I've been getting a lot of questions about the possibilities to run regular distros and KVM and other things on the new Samsung Chromebook.

All in all, there should be no major hurdles. First of all, all Chrome OS hardware includes a "developer mode" which allows you, after a switch over from regular to developer mode and a wipe of your stateful data (local settings and user accounts), to set up the machine again, but this time also get easy access to a local shell on the system -- either through the ctrl-alt-t terminal window, or by switching to VT2 and just logging in as root (no password, so set one ASAP).

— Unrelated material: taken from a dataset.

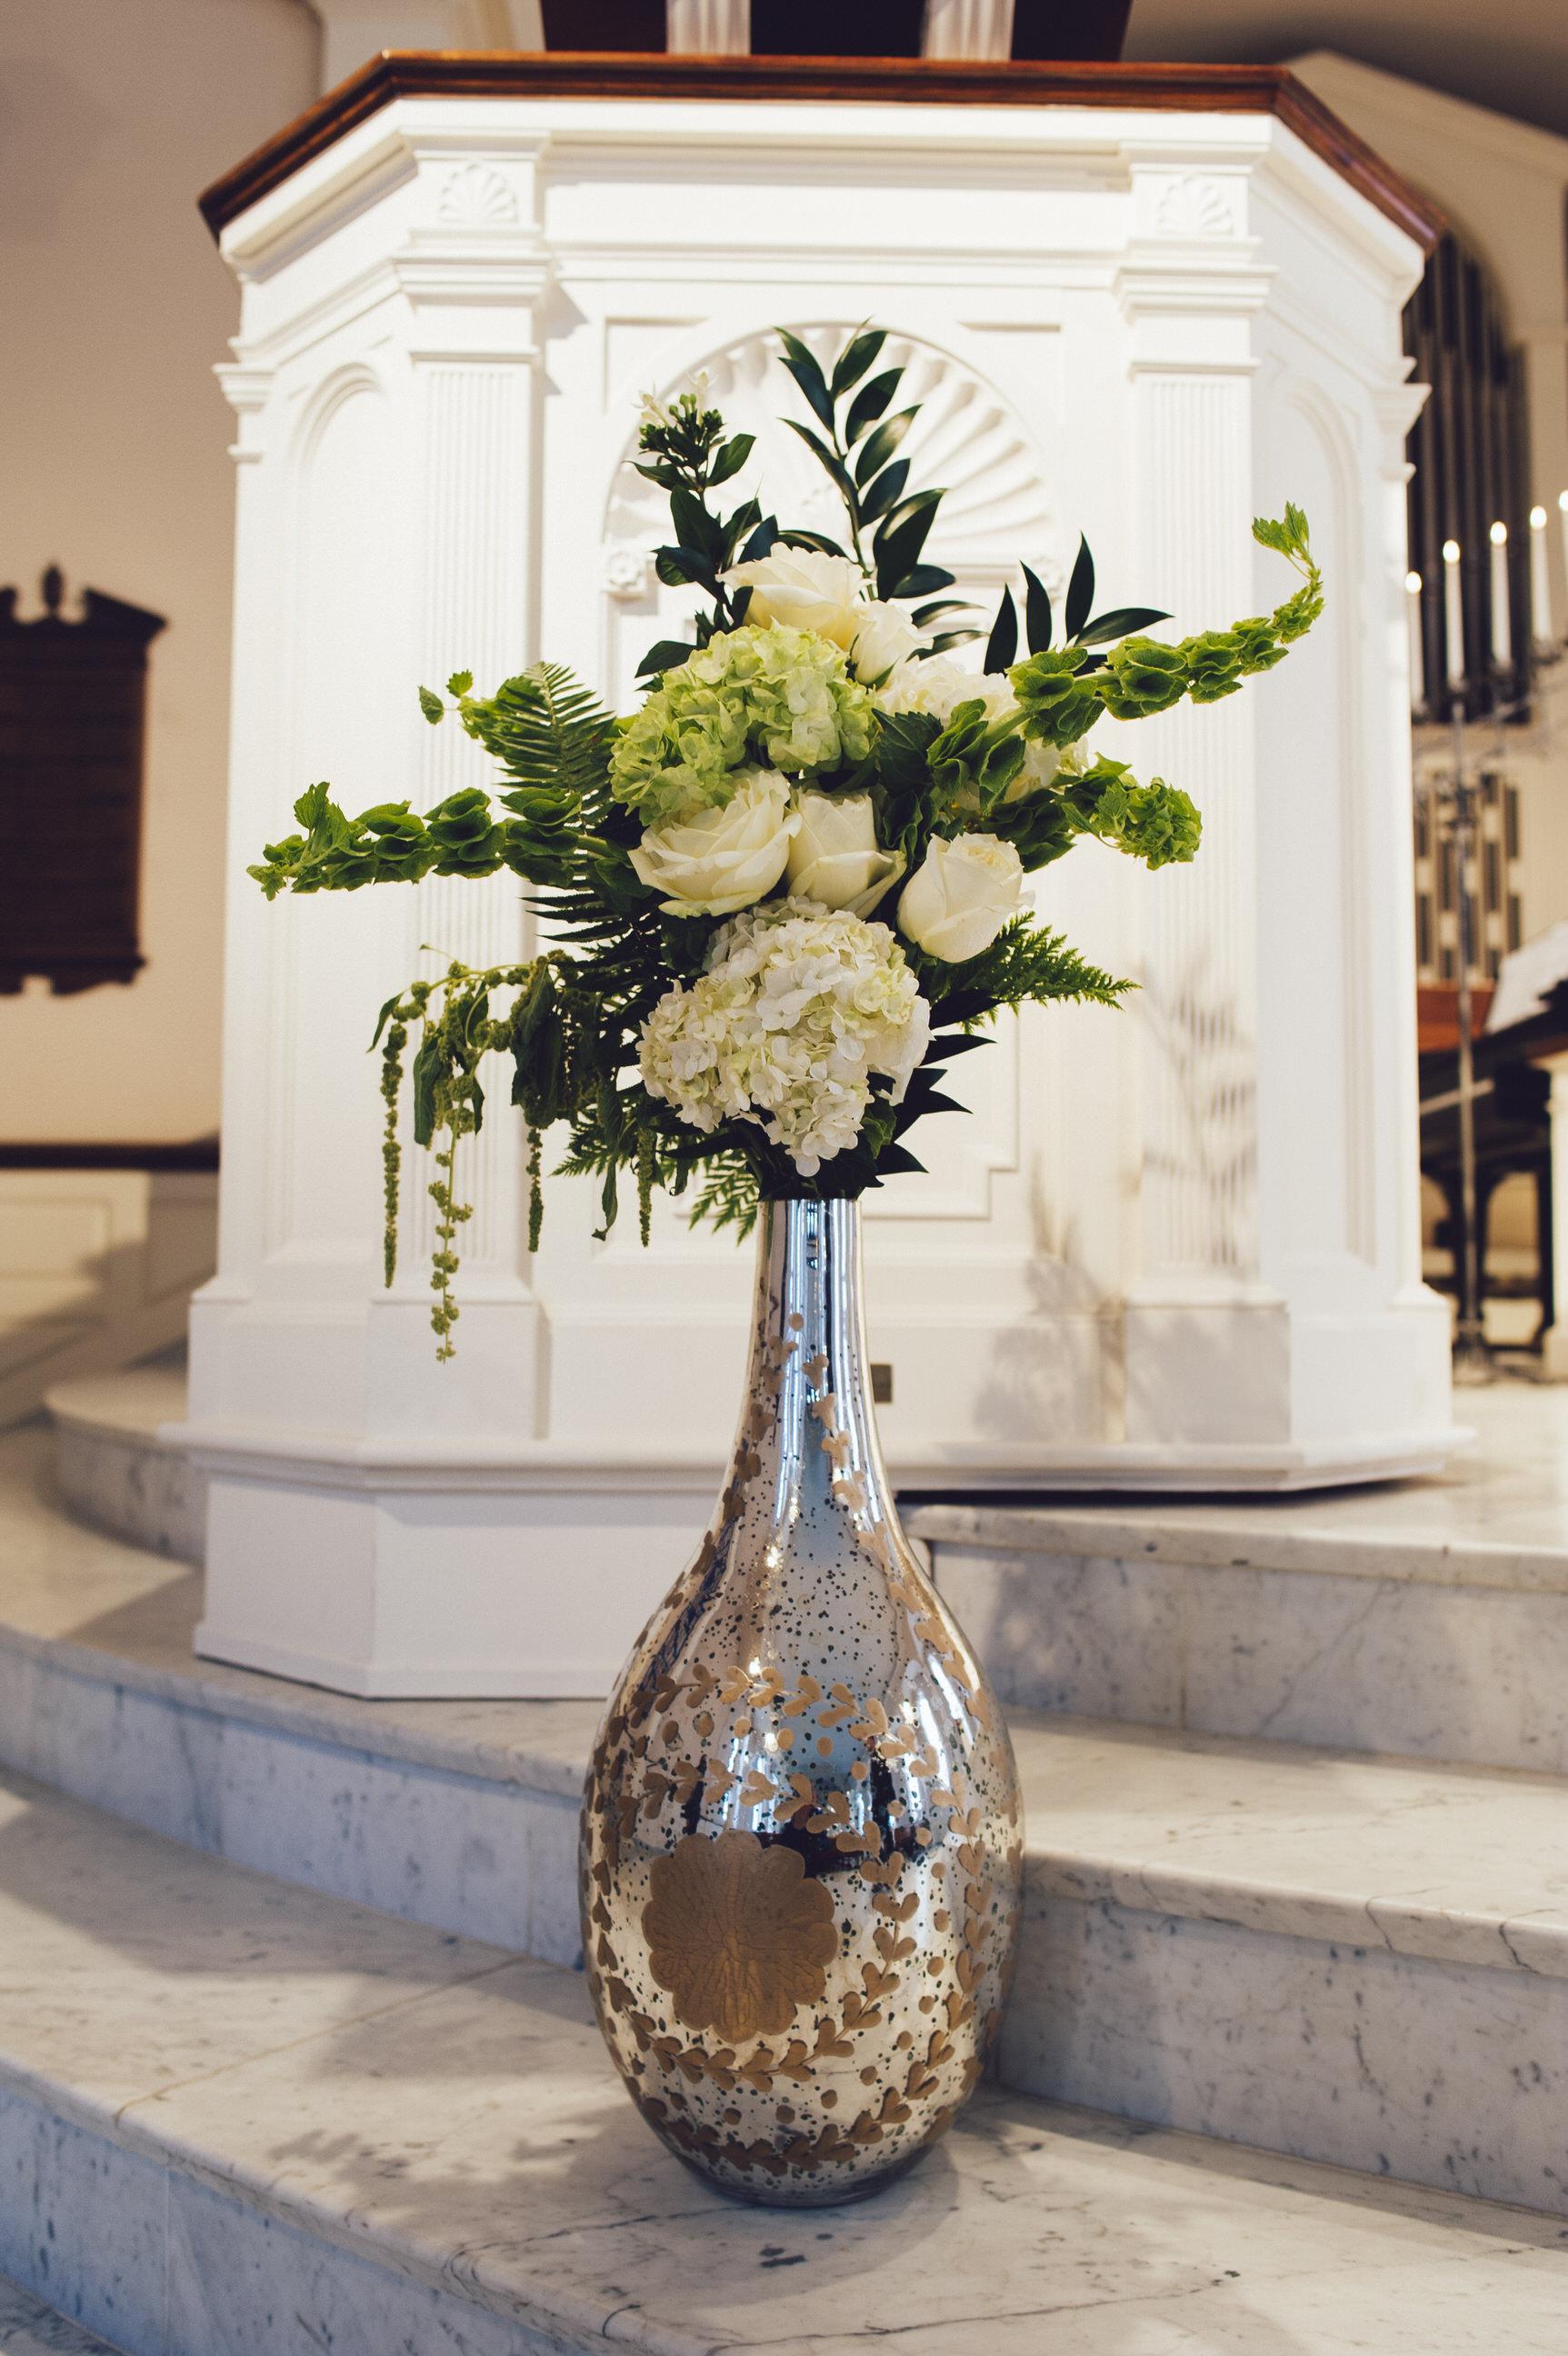 02 Mercury Glass White Flowers Greenery Ceremony Decor Wilmington Wedding Florist.jpg

Developer mode gives you local full access, and you can do things such as remove the root filesystem verification so you can edit the contents, or boot your own built image (signed with developer keys), etc. Some guys have used this to install what they call ChrUbuntu on x86 systems. Chrome OS uses an A/B side setup for kernel partition and root filesystems, but there is also a "C" side allocated in the partition tables (but given no disk blocks for the actual partitions). ChrUbuntu resizes the stateful partition and reassigns that space to KERN-C and ROOT-C, and populates ROOT-C with an Ubuntu userspace.

ChrUbuntu is pretty cool since it allows you to still have a dual-boot, and the regular Chrome OS update process works just fine with it. You can even build and sign your own kernels, if you want -- you don't have to copy over the binaries we provide as part of Chrome OS (for instructions, see the thread at http://goo.gl/pCB9F).

No one has done the work to do the equivalent on ARM, since no one has hardware yet (and us team members have been waaaaay too busy getting the product ready to tinker with it). But the same concepts apply just fine on ARM, so the similar things should work.

Also, there's nothing that requires you to have root on the internal storage, you could move it to an SD card. That would keep more space available for the regular image, etc.

But, if you want to hack the machine more than that, you can open the machine, remove the write protection for the firmware on the system, and reflash it using a regular u-boot. This would allow you to boot anything you want, etc, but it would be harder to keep a regular Chrome OS dual-boot environment going.

As far as KVM goes, it very well might be possible to run it on the hardware. We haven't tried using it much (see above comment about being busy), so it'll be interesting to hear reports from the community once hardware reaches those who plan to tinker with it.